It’s a longitudinal program put on by SCRUBS, which is an interest group that aims to provide mentorship for medical students who are interested in surgery. This initiative is supported by the Department of Surgery and provides students with networking and mentorship with faculty, research and technical skill development, opportunities to bond with fellow classmates and much more.

Does one have to declare that they want to go into Surgery before they can participate in Surgery Olympics?
No! The program typically occurs in the spring/summer of the scientific trunk (M1 year). For many medical students that stage is still too early to know what specialty one might apply into, with lots of soul searching and discovery ahead on the horizon.

This coveted trophy is sought after by Surgical Olympians from the med student to attending level each year.

This is a longitudinal program that lasts the entire summer and is intentionally offered to students after their first year. Students are divided in groups of three to four along with an M4 coach and an attending of a specific subspecialty who serve as mentors. In the past, there has been representation from General Surgery, Minimally Invasive Surgery, Pediatric Surgery, Vascular, Thoracic, Colorectal, Surgical Oncology, Plastics, Hepatobiliary and Advanced GI, Endocrine, Transplant, Urology and many more.

Students typically meet every two weeks over a 14-week period to keep on track with their project. At the very end of the program, students have an opportunity to present their work at the Department of Surgery Grand Rounds. In keeping with the name, there is also a final competition that serves as an opportunity for students to show off the knot tying, suturing and other technical skills they have learned. The winning team gets to take home the prized trophy along with its associated bragging rights.

Other than the fun and games listed above, there are presentations and talks throughout the program delivered by faculty or residents, which I personally found very helpful. Talks could be clinically based or even discuss health and wellness during residency. I also appreciated that the timeline afforded me opportunities to regularly check in with my teammates and mentors. It kept me grounded, focused and excited to keep pushing our project forward.

Michigan medical students learning technical skills that will help them prepare for the annual competition.

I felt compelled to share my reflections on Surgery Olympics because it has been one of the most helpful experiences in my medical school journey. I was placed on the Urology team as an M1, and now I will be applying into that very field. I was extremely fortunate enough to be connected with my mentor, Dr. Kate Kraft, through Surgery Olympics. She has been a constant source of guidance and support throughout my four years at Michigan. It would be hard to imagine my medical school experience without our regular check-in meetings and being able to share my highs and lows with her.

One of the incredible things about the faculty participation is just how excited they are to welcome students onto their research teams and to teach them more about their respective field. It’s important to note that faculty at Michigan Medicine view mentorship as a two-way street, and they gain just as much from mentoring students.

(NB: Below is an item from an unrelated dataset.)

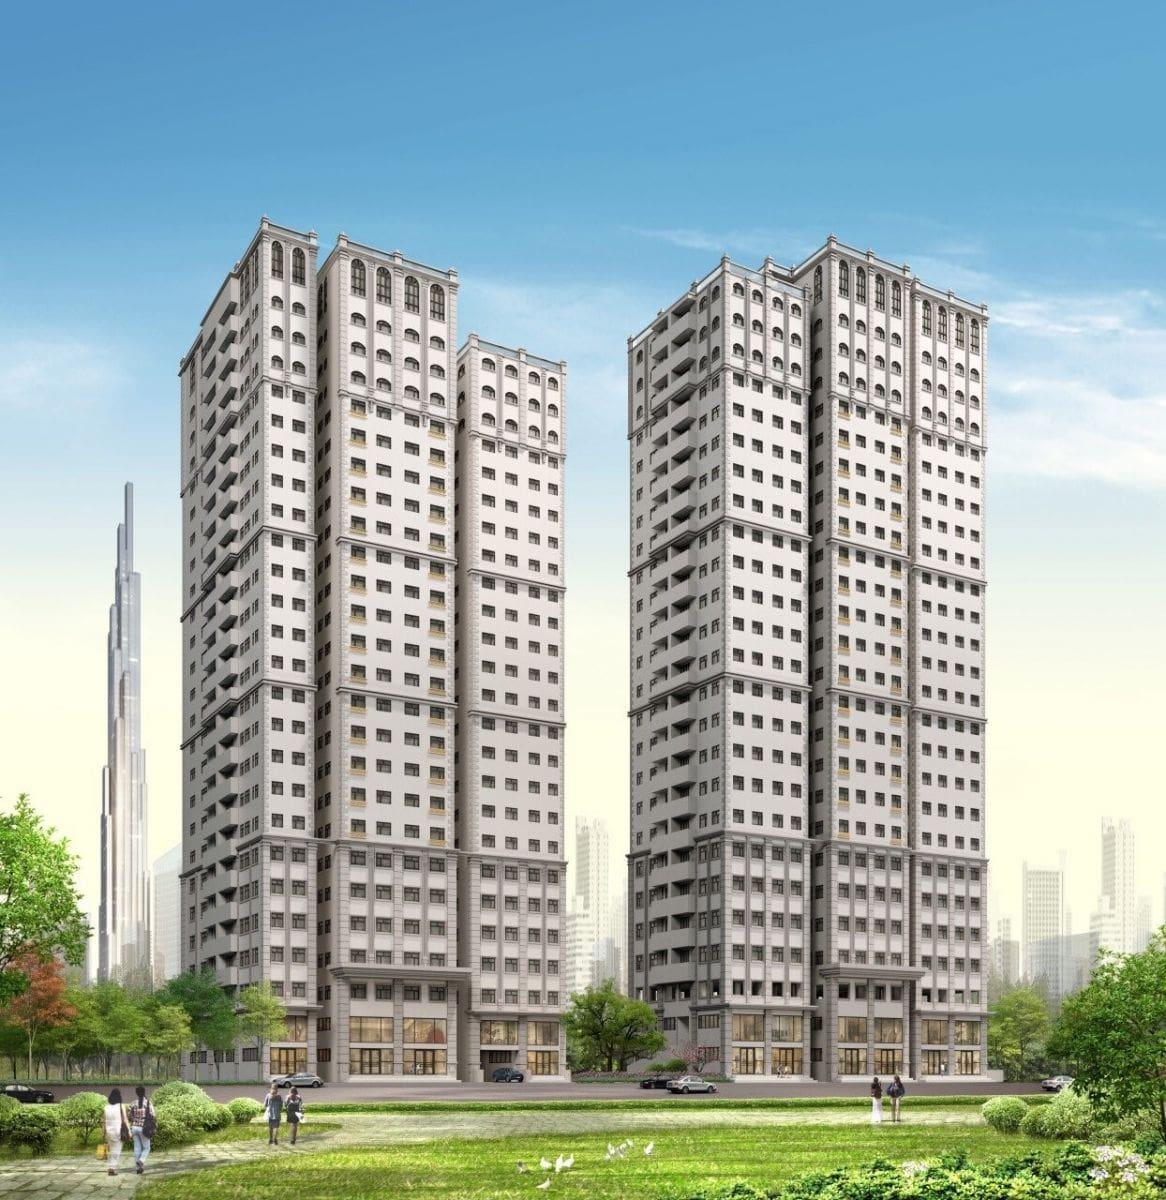 Phối cảnh tổng thể dự án Paris Hoàng Kim quận 2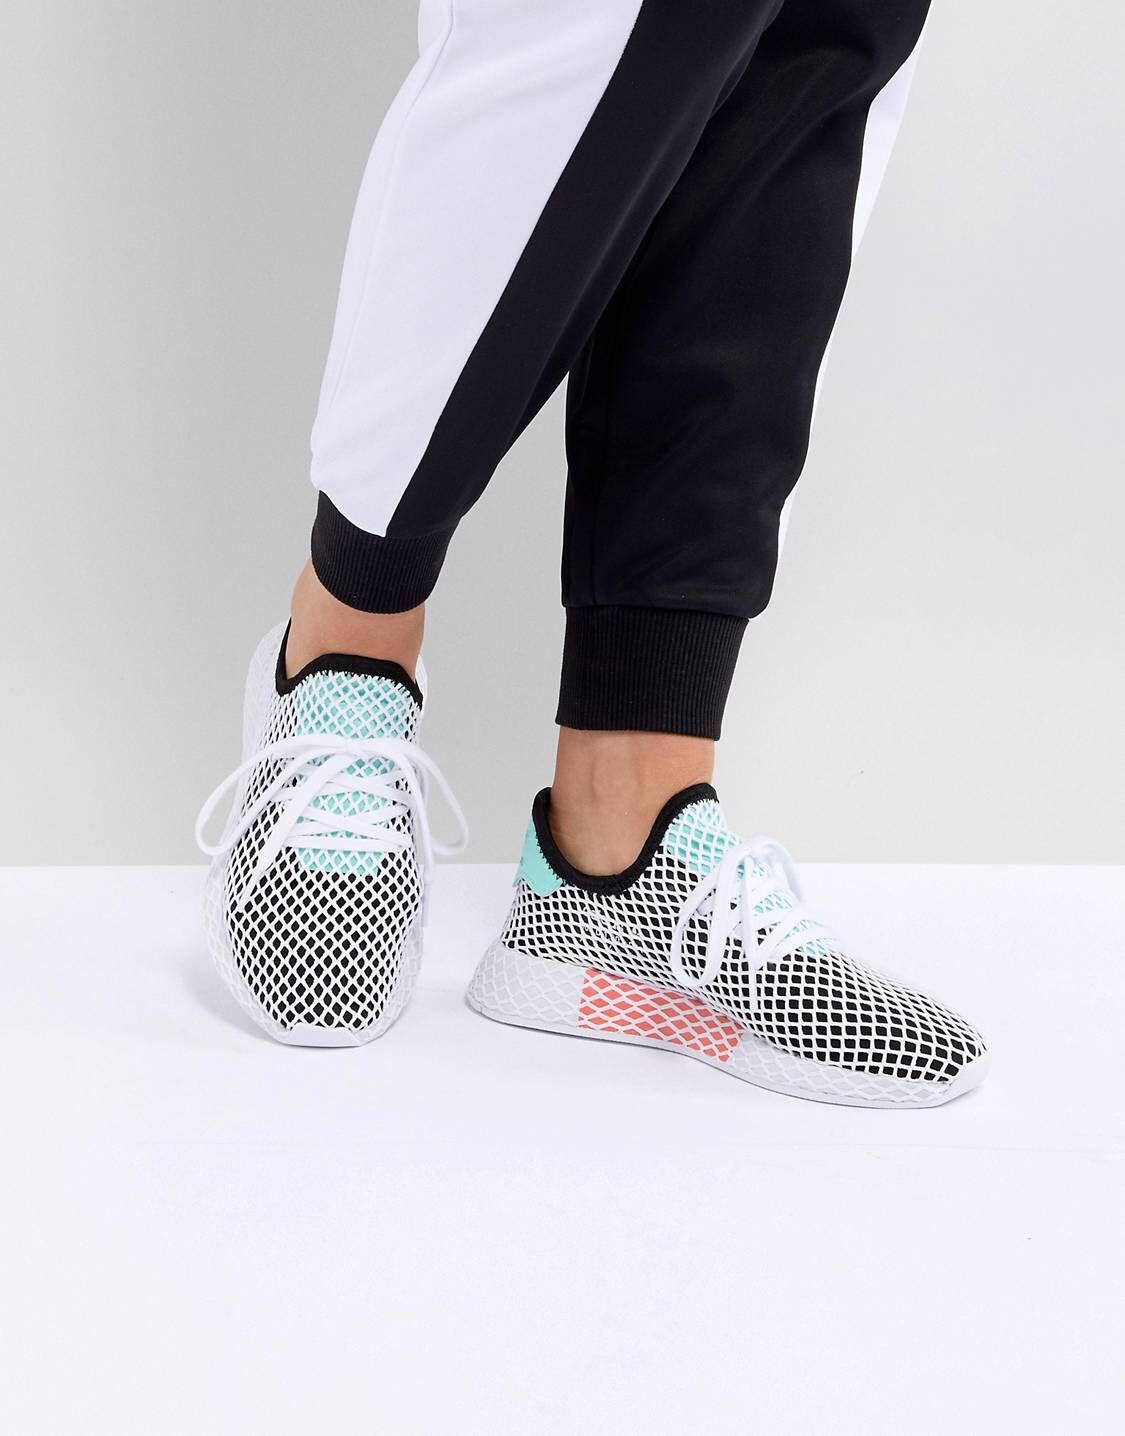 reputable site 15a2c 83706 Zapatillas de deporte en negro y verde Deerupt de adidas Originals

“Surgery Olympics provides a chance for surgical faculty to introduce students to their specialty early in medical school, creating an enriching mentorship opportunity. We’ve been extremely fortunate to have a number of Surgery Olympics students pursue urology as a career – and urology is much better for having them in the field!” – Dr. Kate Kraft

In fact, I think the commitment to mentorship that faculty at Michigan Medicine demonstrate is something that sets this institution apart from all the rest. No matter what field your interests lead you toward, Michigan Medicine is composed of so many powerhouse leaders who want to help you discover your path to your future career in medicine. It can be daunting to make such a big decision, but it is one that we all have to make, and the support along the way has been invaluable. For this reason alone, I am so thankful I took part in Surgery Olympics. As I’ve shared above, the faculty at this incredible institution are so passionate; but don’t just take my word for it, read more from them:

“Surgery Olympics is one of my favorite annual events. It’s the first interaction many of our M1 students will ever have with a surgical faculty. This offers a unique opportunity to not only teach a couple of technical skills and work collectively on a research project, but more importantly a chance to debunk some of the circulating myths about surgeons. It’s a chance to share our own ‘origin stories’ and what fuels our passions, in hopes that it would inspire a young student as they begin their own journey. In return, I am constantly awed by the creative solutions my students come up with to sometimes challenging problems and how they push me to higher levels of empathy and social justice. I’m a better surgeon because of the work I get to do with my students!” – Dr. Gifty Kwakye

Dr. Kwakye is our very own clerkship director for the M2 Surgery and Applied Sciences rotation. Her work and dedication to medical student education speaks for itself, and her passion and positive demeanor inspires students to learn more about the incredible field of surgery. I have early memories of my surgery rotation where I was initially nervous about learning in the OR environment; however, after routinely bumping into Dr. Kwakye in the pre-op area and exchanging a friendly wave or a brief conversation about our days, I felt ready to take on the day’s cases.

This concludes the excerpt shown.